[Opening Given material section]
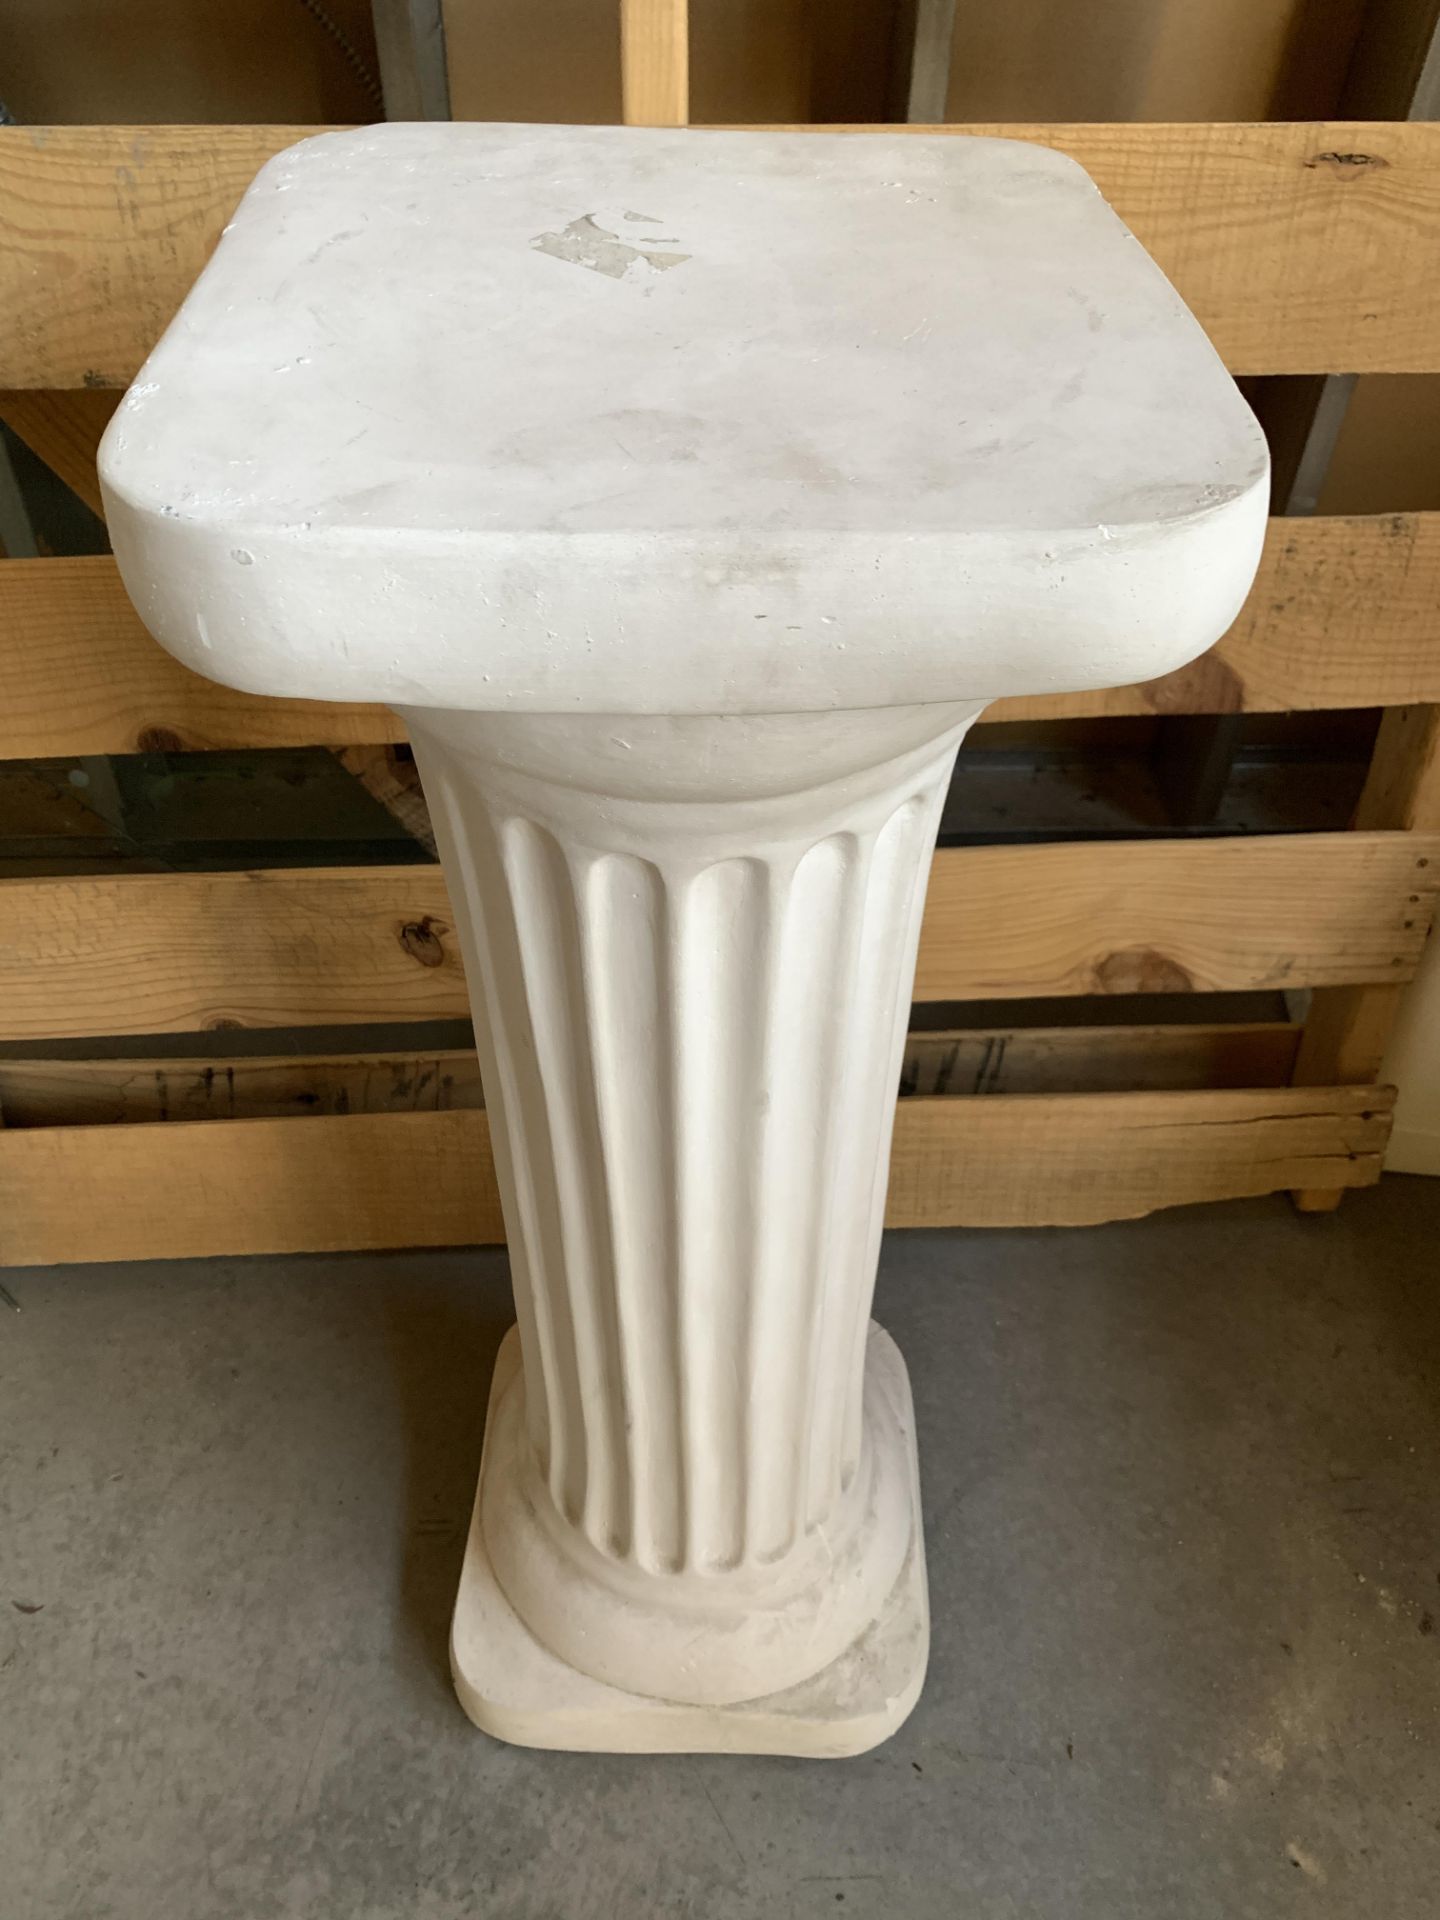 Column Pillar Decorative Stand, stands about 3' tall **Las Vegas Pick-Up only, see description** - Image 2 of 3
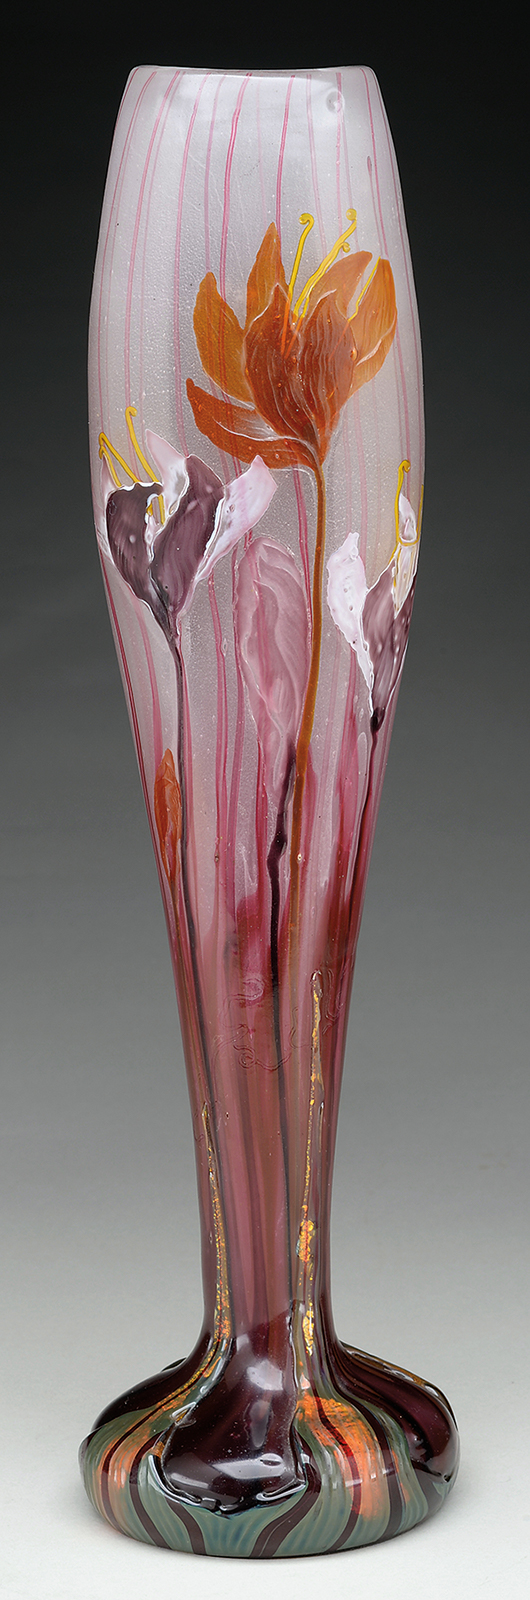 Lot #1058, a Galle Marquetry vase, realized $52,733.
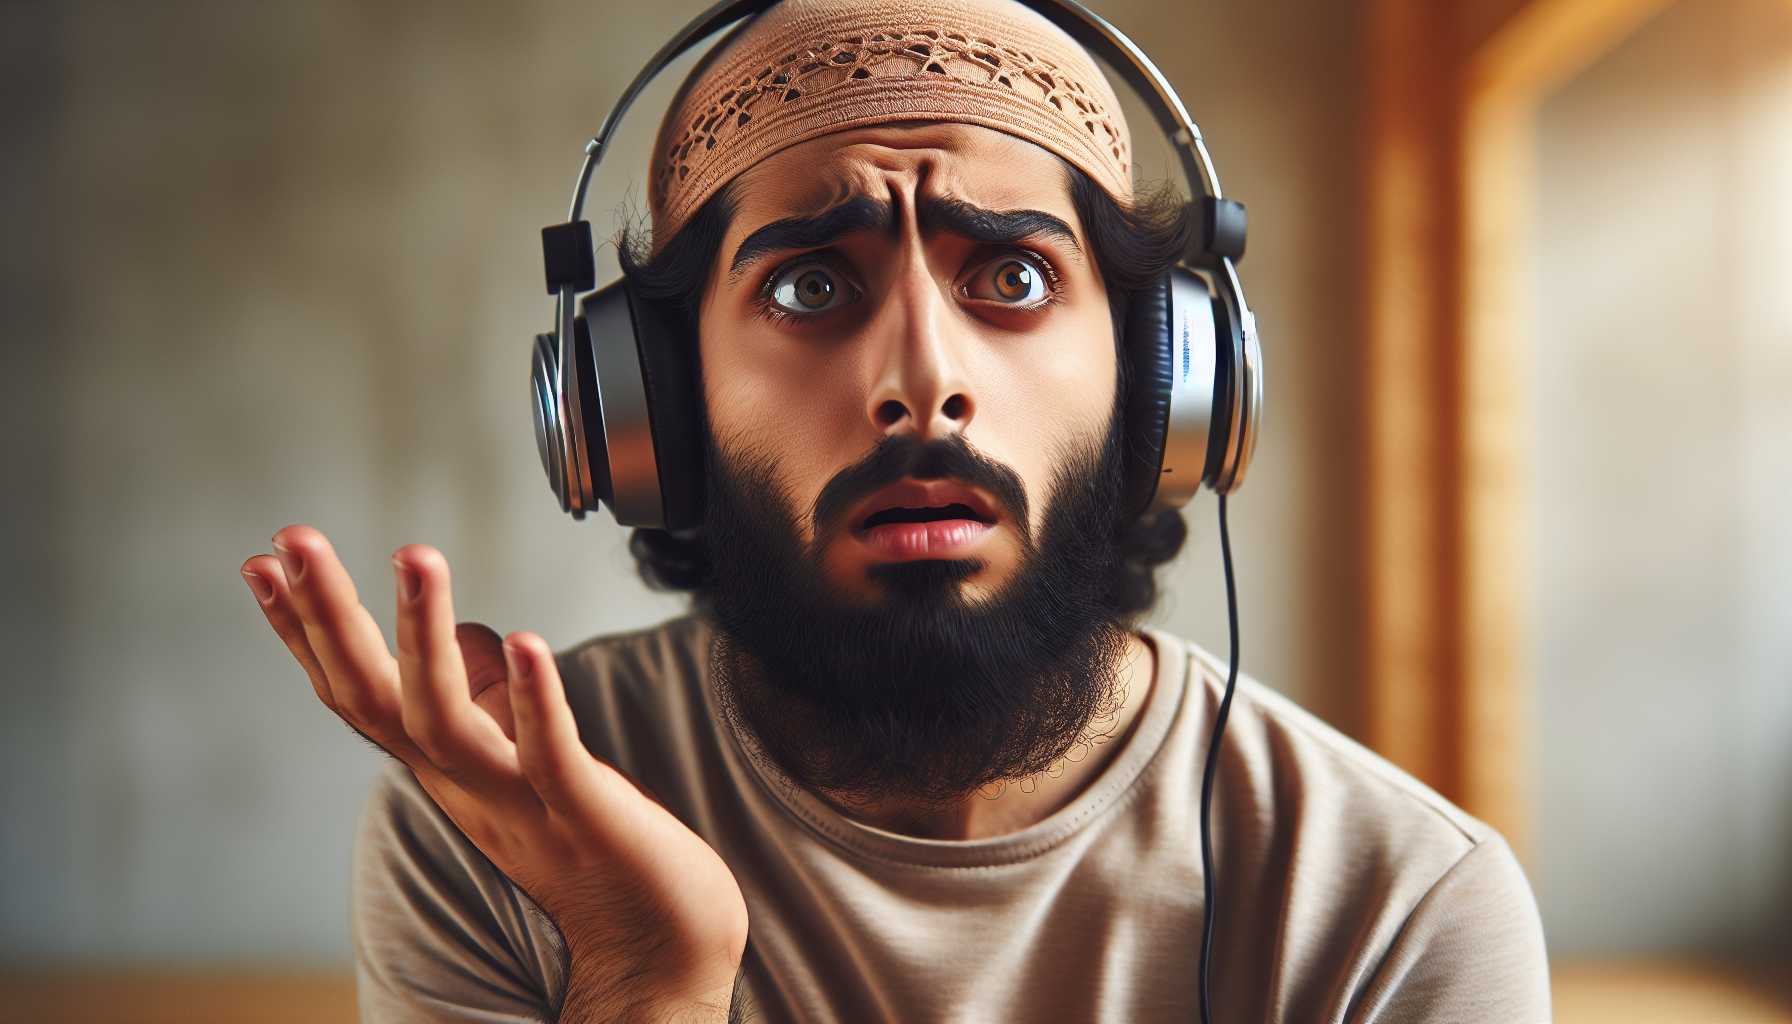 A perplexed person listening to a cloned AI voice on headphones
[Closing Given material section]
» What needs to be done
In the copy, no pictures are to appear; write out exactly the lines from the one containing "Lot #1058, a" through the end of the listing above and no further lines.

» Exercise output
 Lot #1058, a Galle Marquetry vase, realized $52,733.
 A perplexed person listening to a cloned AI voice on headphones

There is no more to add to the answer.